As Iran faces a deepening water crisis, a recent report by The Economist shows how the Islamic Republic is quietly flooding Persian Gulf markets with fruit and vegetables through a sprawling export scheme.
“The Islamic Republic… is in a serious pickle,” The Economist wrote in its Friday report.
Flooding the Persian Gulf with fruit and veg is one of its ways to pay for foreign goods it so desperately needs, added the outlet, saying “Iran now supplies nine out of ten cauliflowers, tomatoes and watermelons imported by the UAE.”
The trade relies on large state subsidies that make water, fertilizers and energy almost free.
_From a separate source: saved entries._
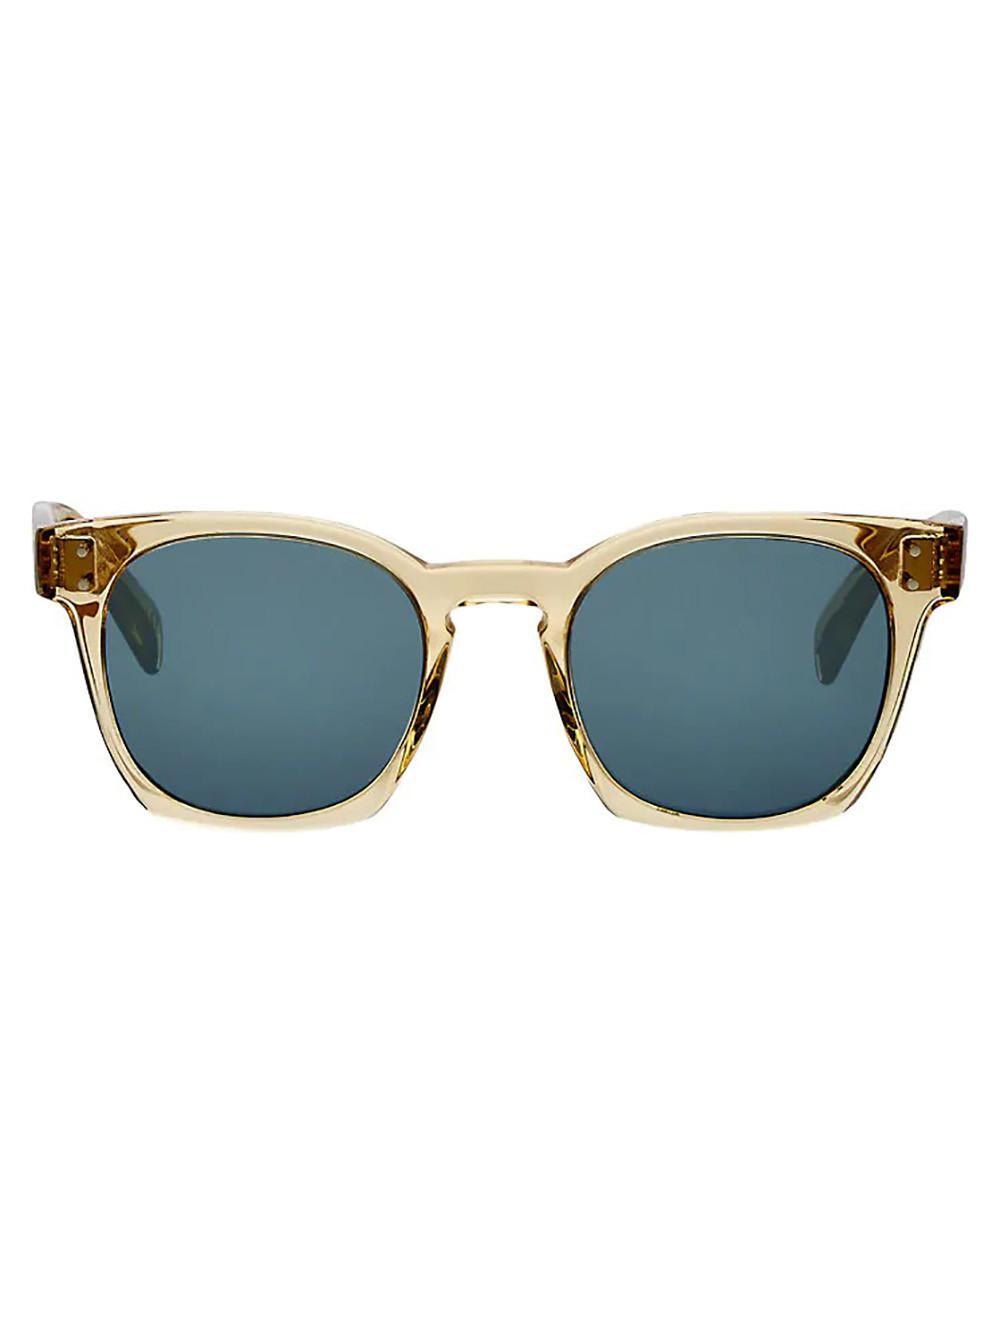 740b9eb3c3 Oliver Peoples Byredo Sunglasses for Men - Lyst
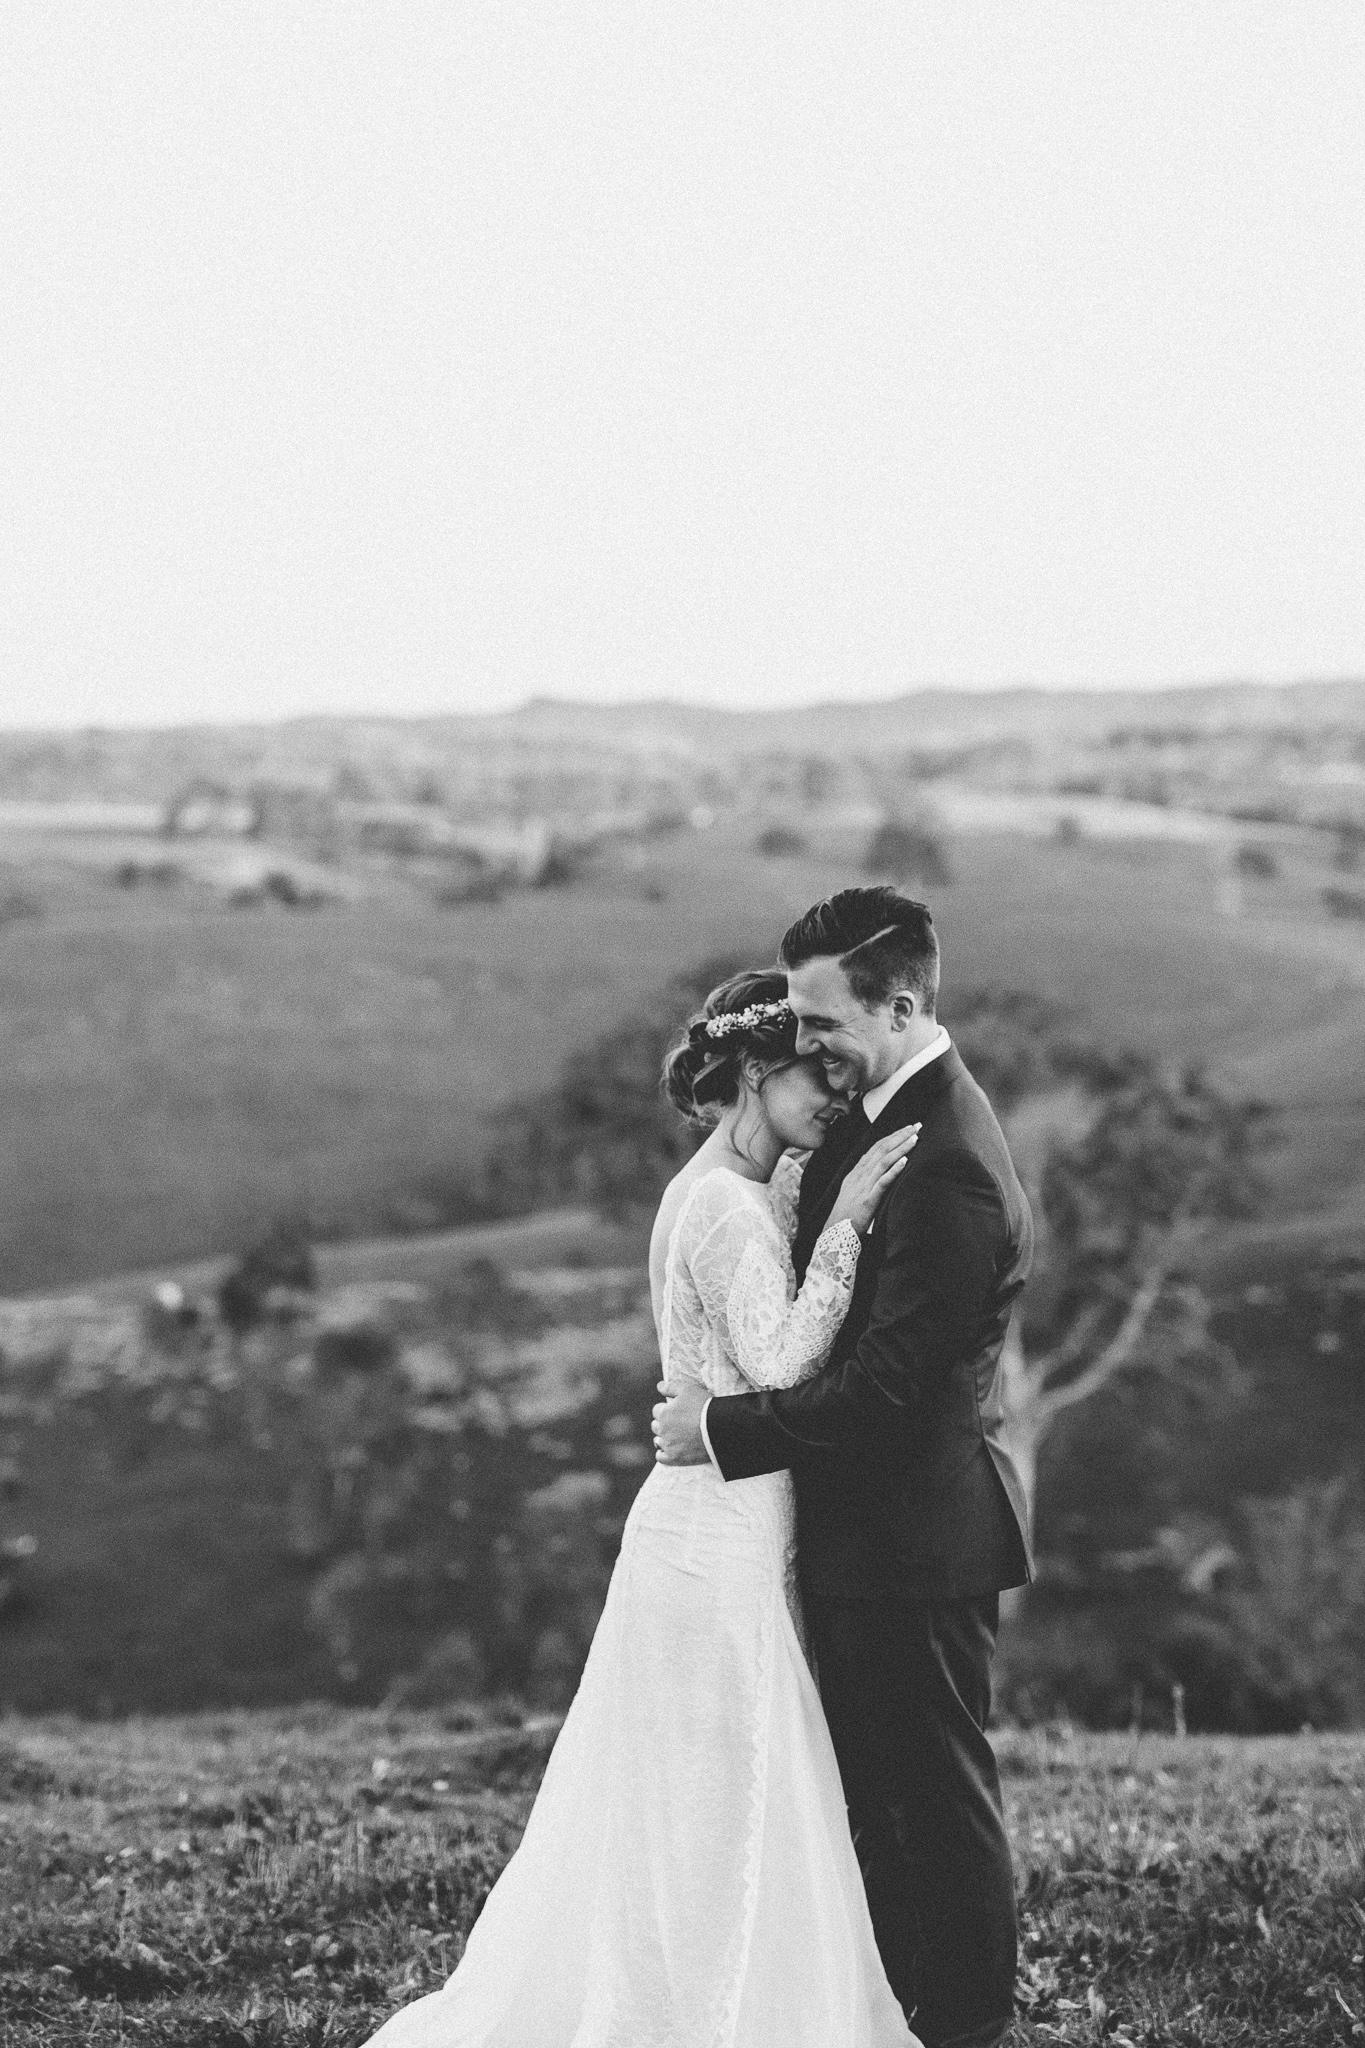 christopher morrison_adelaide hills wedding_ andy + teegan_84_1044.jpg
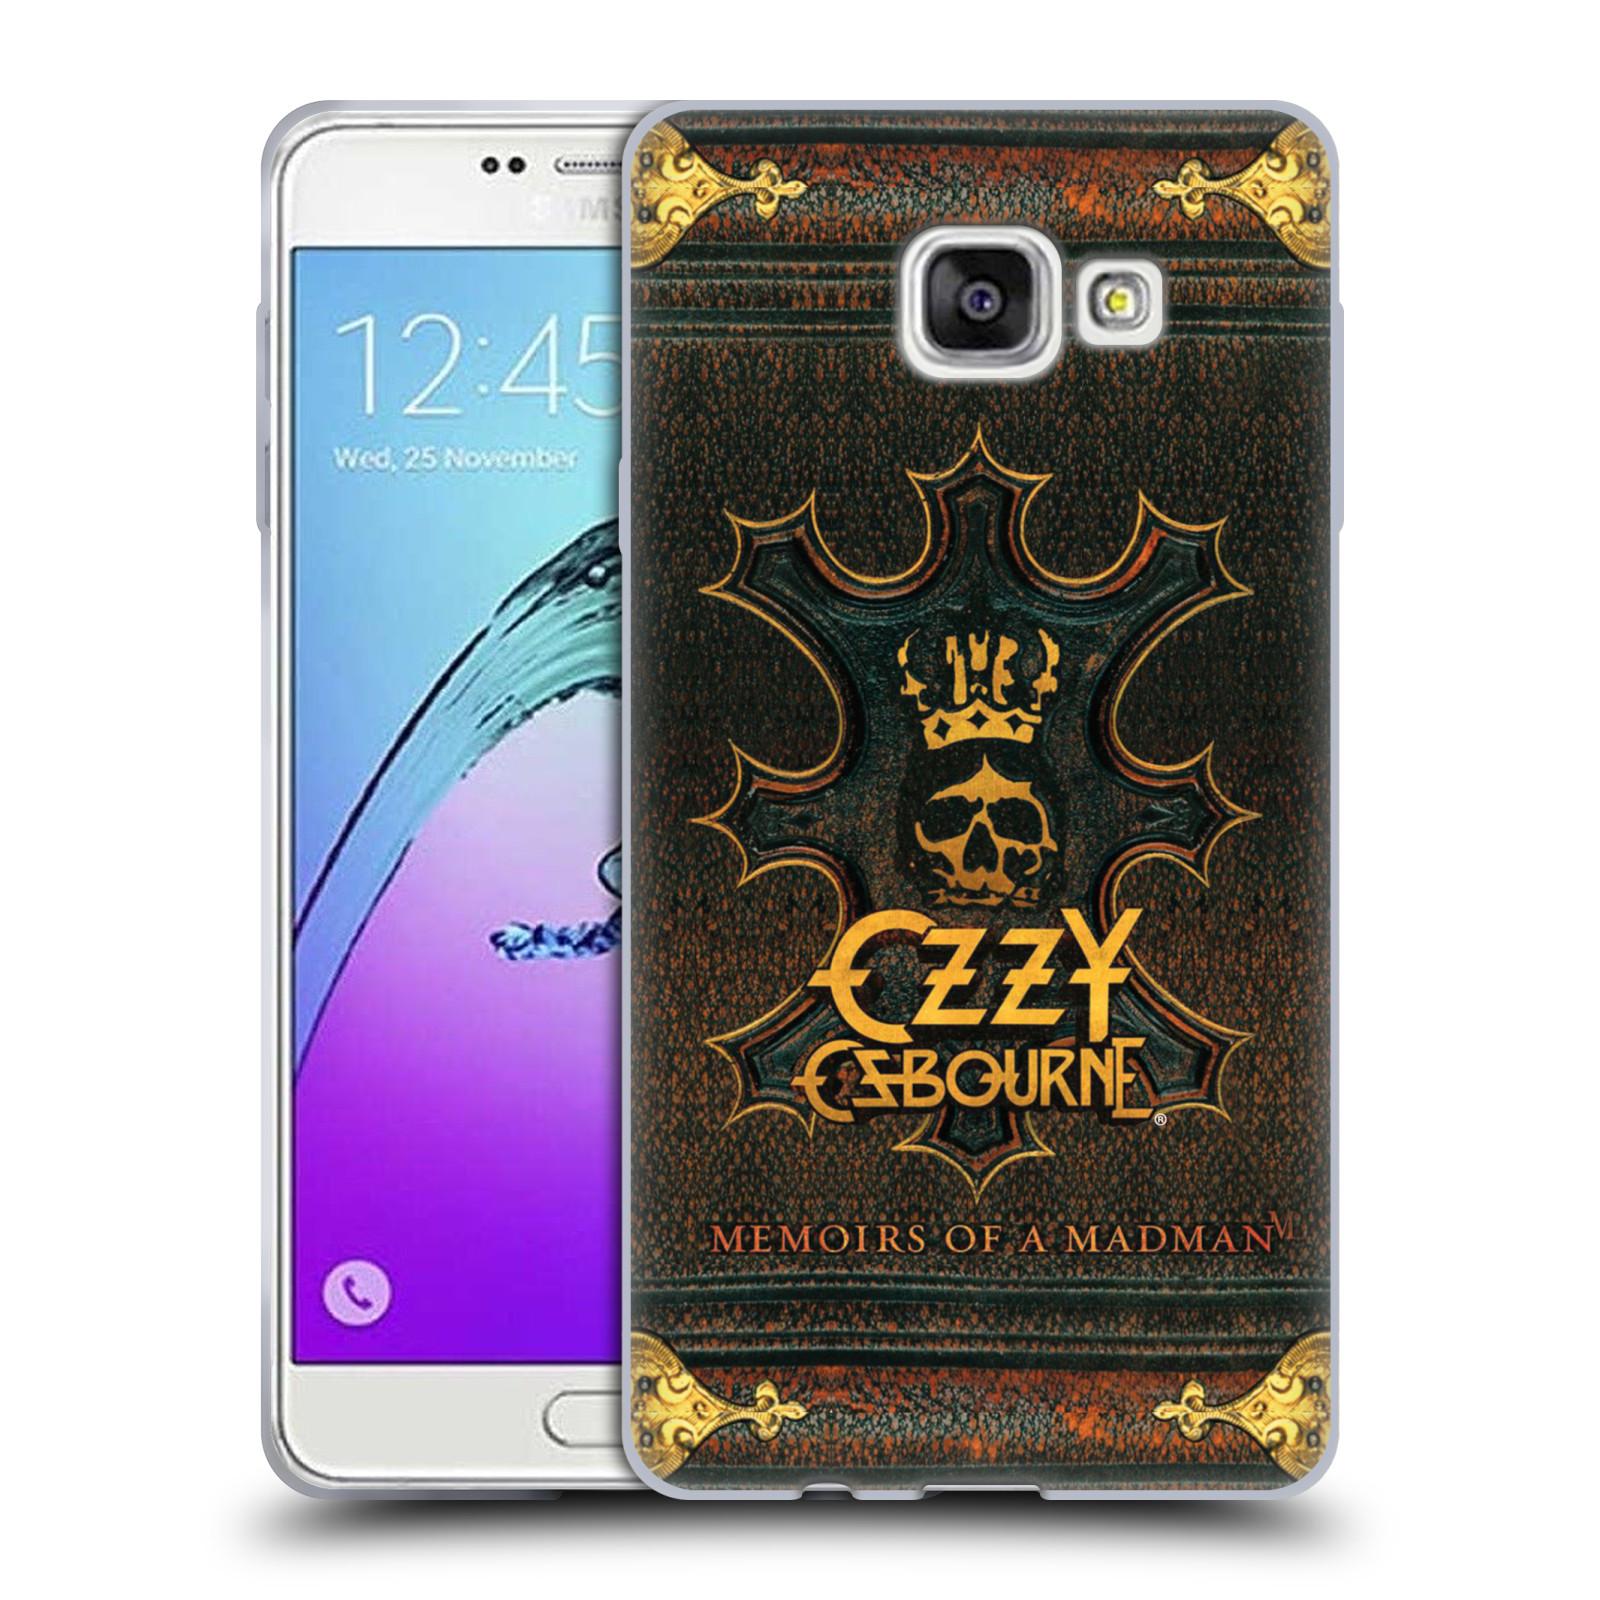 HEAD CASE silikonový obal na mobil Samsung Galaxy A7 2017 (A720) zpěvák Ozzy Osbourne koruna

Iran’s greenhouse cultivation has more than tripled in area since the early 2010s, supported by imported technology from countries including China and the Netherlands. Much of the equipment, The Economist wrote, originates from Israel—“a leader in the field”—though routed indirectly.
But this export boom is exacerbating water scarcity across Iran. With agriculture consuming over 90% of available water, and government support concentrated on export-focused farms, residents in cities like Tehran, Isfahan, Mashhad, and many others endure hours-long daily shutoffs. Officials have warned of a collapse of groundwater resources and irreversible environmental damage.
Tomato harvest in Iran — a worker packs freshly picked tomatoes in crates on a farm.
Across Iran, families are enduring days without running water. Many are stockpiling bottles, installing rooftop storage tanks, or relying on tanker deliveries—some of which provide unsafe supplies.
Satellite images obtained by Iran International show that Tehran’s main reservoirs—Amir Kabir, Lar, and Latyan—are at historic lows, holding less than 10% of their usable volume.
At the same time, the capital is physically sinking. Excessive extraction from depleted groundwater resources has caused sections of Tehran to subside by more than 25 centimeters per year.
Iran's produce in Sharjah port
The report by the Economist details how Iran’s produce reaches the UAE’s Sharjah port via small ships from Bandar Lengeh, south of the country.
From there, trailers carry shipments to Dubai’s Al Aweer market, the region’s largest wholesale food hub, where wholesalers blend Iranian goods with other imports or repackage them entirely.
Labels are swapped to hide origin—“We just put a sticker on the carton with a new origin: Azerbaijan, Turkey—anything but Iran,” one trader said.
The export trade operates through a parallel financial system. Formal banking channels are avoided due to US sanctions, so traders use the informal system to settle payments.
UAE-based middlemen collect dirhams from food buyers and channel them to Iranian exporters—often in exchange for vital machinery and appliances Tehran cannot otherwise import.
Eggplants growing in an Iranian greenhouse
The Economist estimated the value of this clandestine export trade at $4bn to $5bn in 2024 alone.
Iran’s fruits often reach Persian Gulf supermarkets disguised and mispriced. Wholesalers inflate margins by mixing cheap Iranian tomatoes with Dutch imports and reselling the lot as premium goods.
“Instead of 4–5 dirhams, they sell the lot for 20–25 dirhams per kg,” said one insider. Some retail chains fly their staff business class and house them in luxury hotels—funded by “blended” produce profits, according to The Economist.
Despite occasional anti-dumping probes, Persian Gulf states appear to tolerate the flow. The report suggests some governments may see cheap Iranian food as a way to control inflation—or even preserve their own scarce groundwater by outsourcing farming to Iran.
But as water crisis deepens across Iran and key basins dry beyond recovery, Tehran’s strategy of exporting fruit may prove unsustainable. “However tempting,” The Economist warned, “bingeing on Iranian produce looks like a recipe for trouble.”